START Material shown

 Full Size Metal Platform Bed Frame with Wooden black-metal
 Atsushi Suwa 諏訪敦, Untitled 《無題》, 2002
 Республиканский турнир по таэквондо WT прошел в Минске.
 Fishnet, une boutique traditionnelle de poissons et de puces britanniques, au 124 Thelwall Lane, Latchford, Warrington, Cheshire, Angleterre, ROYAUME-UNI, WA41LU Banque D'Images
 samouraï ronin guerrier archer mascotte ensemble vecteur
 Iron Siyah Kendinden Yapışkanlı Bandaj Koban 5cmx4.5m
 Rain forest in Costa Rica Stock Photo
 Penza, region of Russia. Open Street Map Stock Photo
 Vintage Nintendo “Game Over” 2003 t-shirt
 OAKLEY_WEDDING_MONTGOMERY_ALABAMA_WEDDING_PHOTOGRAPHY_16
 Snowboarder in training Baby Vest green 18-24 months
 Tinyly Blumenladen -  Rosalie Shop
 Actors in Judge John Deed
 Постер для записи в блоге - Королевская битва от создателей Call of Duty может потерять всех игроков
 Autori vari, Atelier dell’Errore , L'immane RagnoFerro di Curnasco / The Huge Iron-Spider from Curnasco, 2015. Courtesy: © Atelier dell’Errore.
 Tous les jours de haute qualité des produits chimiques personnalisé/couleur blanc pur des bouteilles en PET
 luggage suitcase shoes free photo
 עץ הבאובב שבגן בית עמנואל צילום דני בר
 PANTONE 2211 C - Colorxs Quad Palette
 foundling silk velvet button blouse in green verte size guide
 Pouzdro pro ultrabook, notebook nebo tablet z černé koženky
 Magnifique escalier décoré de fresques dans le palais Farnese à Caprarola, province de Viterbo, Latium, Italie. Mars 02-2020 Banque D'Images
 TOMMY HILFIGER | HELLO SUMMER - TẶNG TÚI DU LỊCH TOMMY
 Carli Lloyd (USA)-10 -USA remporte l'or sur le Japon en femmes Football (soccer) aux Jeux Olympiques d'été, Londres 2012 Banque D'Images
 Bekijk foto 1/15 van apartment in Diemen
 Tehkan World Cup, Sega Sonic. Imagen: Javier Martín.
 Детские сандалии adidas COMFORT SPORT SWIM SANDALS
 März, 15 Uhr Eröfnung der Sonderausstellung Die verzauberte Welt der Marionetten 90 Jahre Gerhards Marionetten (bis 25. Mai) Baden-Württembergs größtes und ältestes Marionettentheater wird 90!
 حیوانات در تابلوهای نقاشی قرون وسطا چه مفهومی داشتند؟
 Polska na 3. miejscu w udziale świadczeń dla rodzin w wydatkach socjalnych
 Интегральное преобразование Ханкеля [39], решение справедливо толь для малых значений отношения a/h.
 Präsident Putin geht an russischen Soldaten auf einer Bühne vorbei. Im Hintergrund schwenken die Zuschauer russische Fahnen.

END Material shown

Work request:
Using the data above, print exactly the lines from the line that contains "Penza, region of" through the line that contains "Actors in Judge John Deed", with both included.

Response for this exercise:
 Penza, region of Russia. Open Street Map Stock Photo
 Vintage Nintendo “Game Over” 2003 t-shirt
 OAKLEY_WEDDING_MONTGOMERY_ALABAMA_WEDDING_PHOTOGRAPHY_16
 Snowboarder in training Baby Vest green 18-24 months
 Tinyly Blumenladen -  Rosalie Shop
 Actors in Judge John Deed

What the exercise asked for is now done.